Re-stabilizing assumptive worlds: A sense-making escape
The second theme to emerge from our data centres on how consumers when faced with surreal conditions use escapism as a way to help them understand their present, real-life circumstances. Breton (1924: 18) posits that in order to come to terms with surreality, subjects are compelled to engage in ‘further inquiry’ and, despite the futility of doing so, will try to impose reason upon strange, uncharacteristic circumstances; ‘our brains are dulled by the incurable mania of wanting to make the unknown known, classifiable’ (p. 9). In accordance with this phenomenon, our data suggest that, following shocks to their assumptive worlds, consumers experience escapism not necessarily as a way of ‘getting lost’ but instead as a way of searching for hope, ‘finding themselves’ and making sense of their surroundings. Breton (1924: 10) speaks of the potential, here, for surreality to provoke a ‘human explorer’ instinct, a propensity to carry out investigation – or a ‘search for truth’ – assisted by the imagination rather than more rational traditional means. In our data, we see consumers attempt to re-stabilize their assumptive worlds through the imagined world of HoC. Beyond just using HoC as fodder for playful, mindless escapism, it offers our participants a chance to reorient and reproduce their reality ‘as it was’ and perhaps how it ‘ought to be’.
During the second round of interviews, Phil, a lecturer in entrepreneurship studies, discussed how watching HoC has, since the radical disturbances in real-world American and British politics, provided him with an opportunity to reaffirm his thoughts about deference to ‘normal’ political governance: I guess the show is aware of what’s happening in reality and that will feed into some of the show’s themes…House of Cards needs to be like the shining path almost, the moral lesson, the better way, because that educates the audience to aspire for that better way. Watching it might actually restore your faith, and it should be the other way around.
In advance of the release of HoC season 5, Lee, a designer and part-time wedding photographer, sent the first author a text message with an attachment of a photo featuring ‘Frank Underwood on Tour’ (Figure 2) which coincided with the real President Donald Trump’s first official foreign tour.
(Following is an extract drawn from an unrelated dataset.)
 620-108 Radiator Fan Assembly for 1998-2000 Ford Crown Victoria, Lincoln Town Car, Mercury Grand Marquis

The image was part of a publicity stunt whereby the actor that portrays Frank Underwood, Kevin Spacey, was photographed by a real-life former White House photographer, Pete Souza, during a tour of Washington DC. Lee captions the image with ‘Reality meets “credible reality”’ which, when taken in context of when the message was sent, implies that life under the fictional President Underwood presents a more sensible or believable scenario than the real-world Trump administration.

Participant comparing HoC with reality.
Here, Lee’s musing that the prospect of Underwood touring as President confronts us with something more ‘credible’ than reality suggests a case of ‘[c]rossing the line from fiction into life’ (Bowman, 2006: 279).
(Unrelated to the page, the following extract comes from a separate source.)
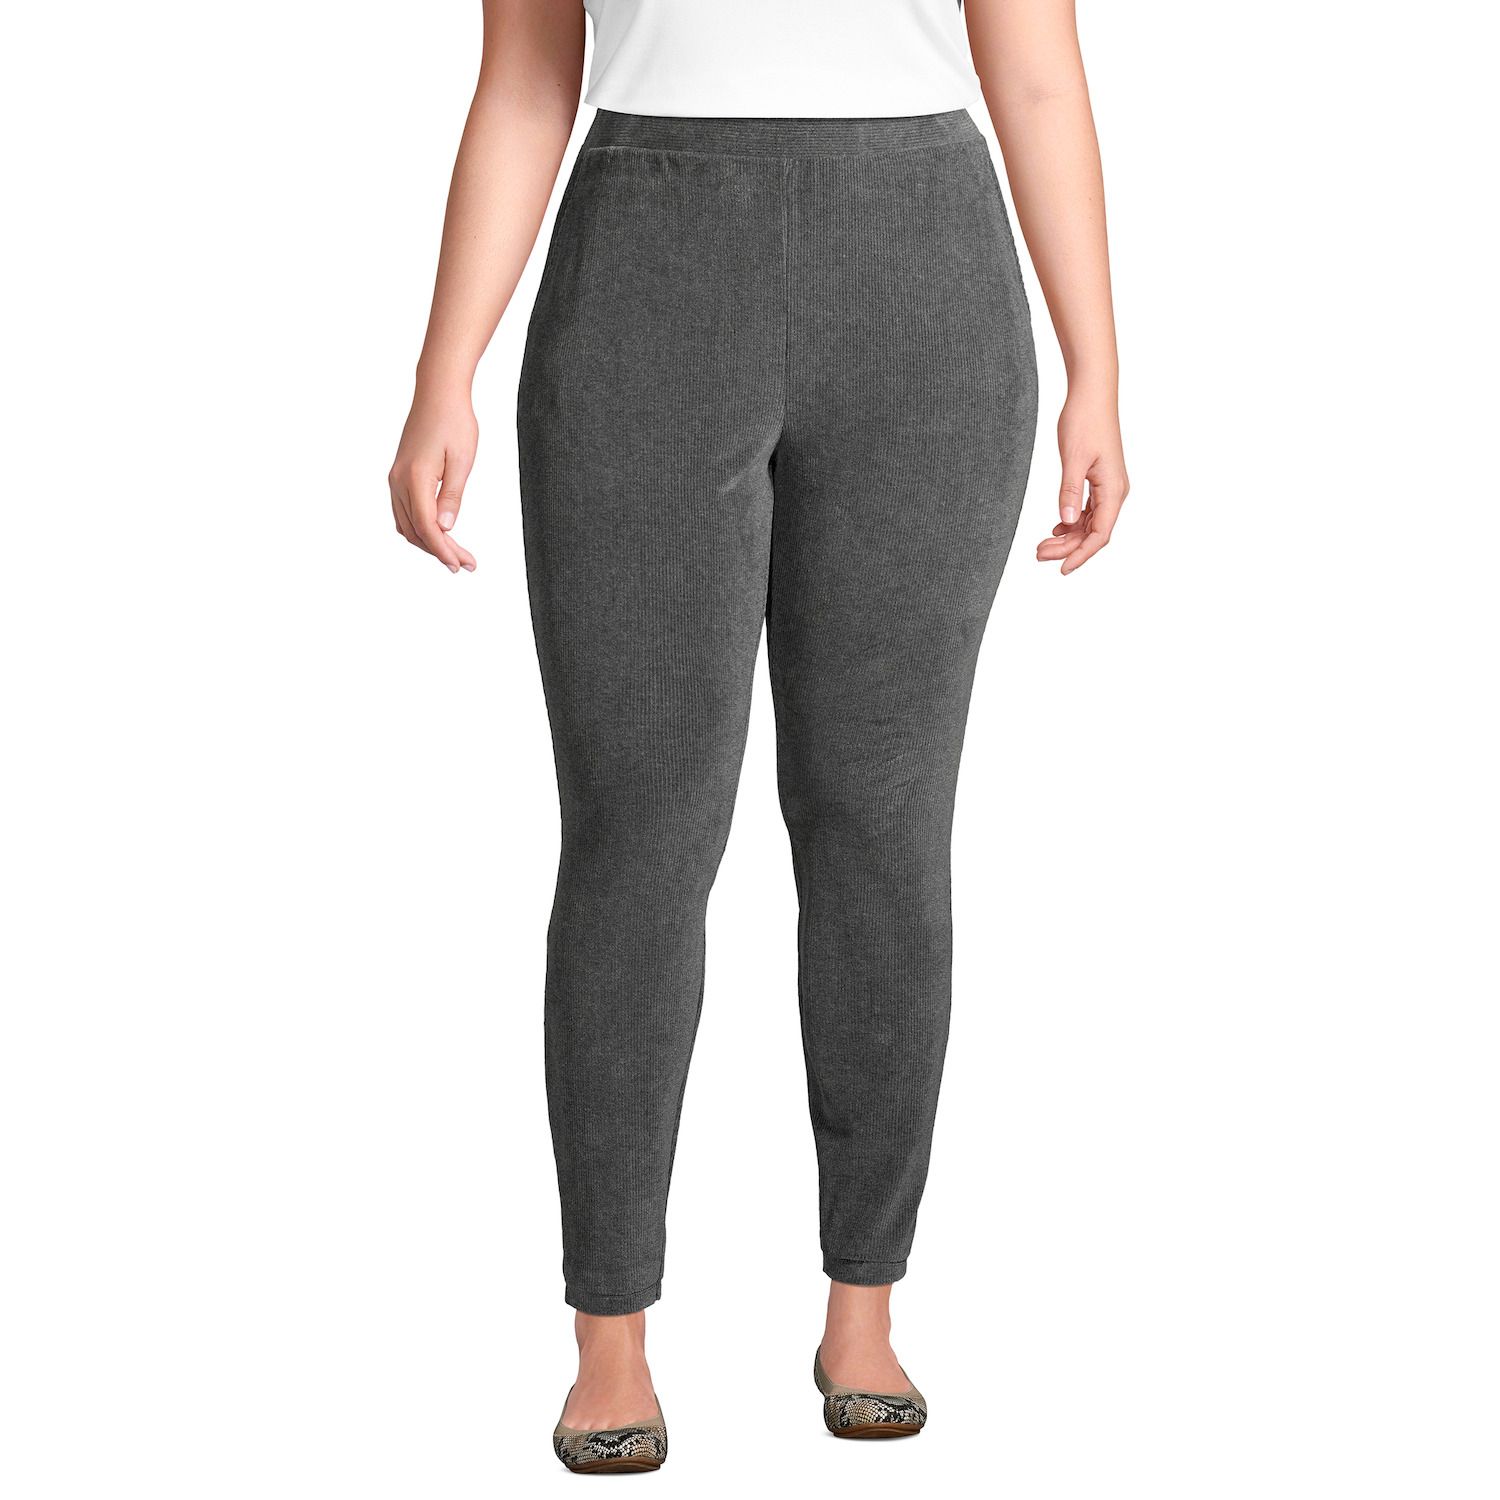 Image for Lands' End Plus Size Sport Knit High-Waisted Corduroy Leggings at Kohl's.

The irony is that while HoC was originally conceived as a darker chiaroscuro version of the real-world political landscape, it has become for some of our sample a less improbable version of reality. Accordingly, our participants draw on the narrative world of HoC as a platform to compare their displaced reality against and it becomes a search for hope. This is expressed clearly by Gary, an administrator at a local government office: What’s happening in real-life will play on my mind when I’m watching it now. That’s a good thing about House of Cards, is it does make you think…I’ll be looking for positive outcomes on the show, and probably be thinking, well why aren’t the government doing that? And when you finish watching it, you are thinking, oh could that happen? The real world will probably seem less sensible. When you see the news, the natural reaction is to turn to somebody and say, you know what happens next? In House of Cards they did this, or that.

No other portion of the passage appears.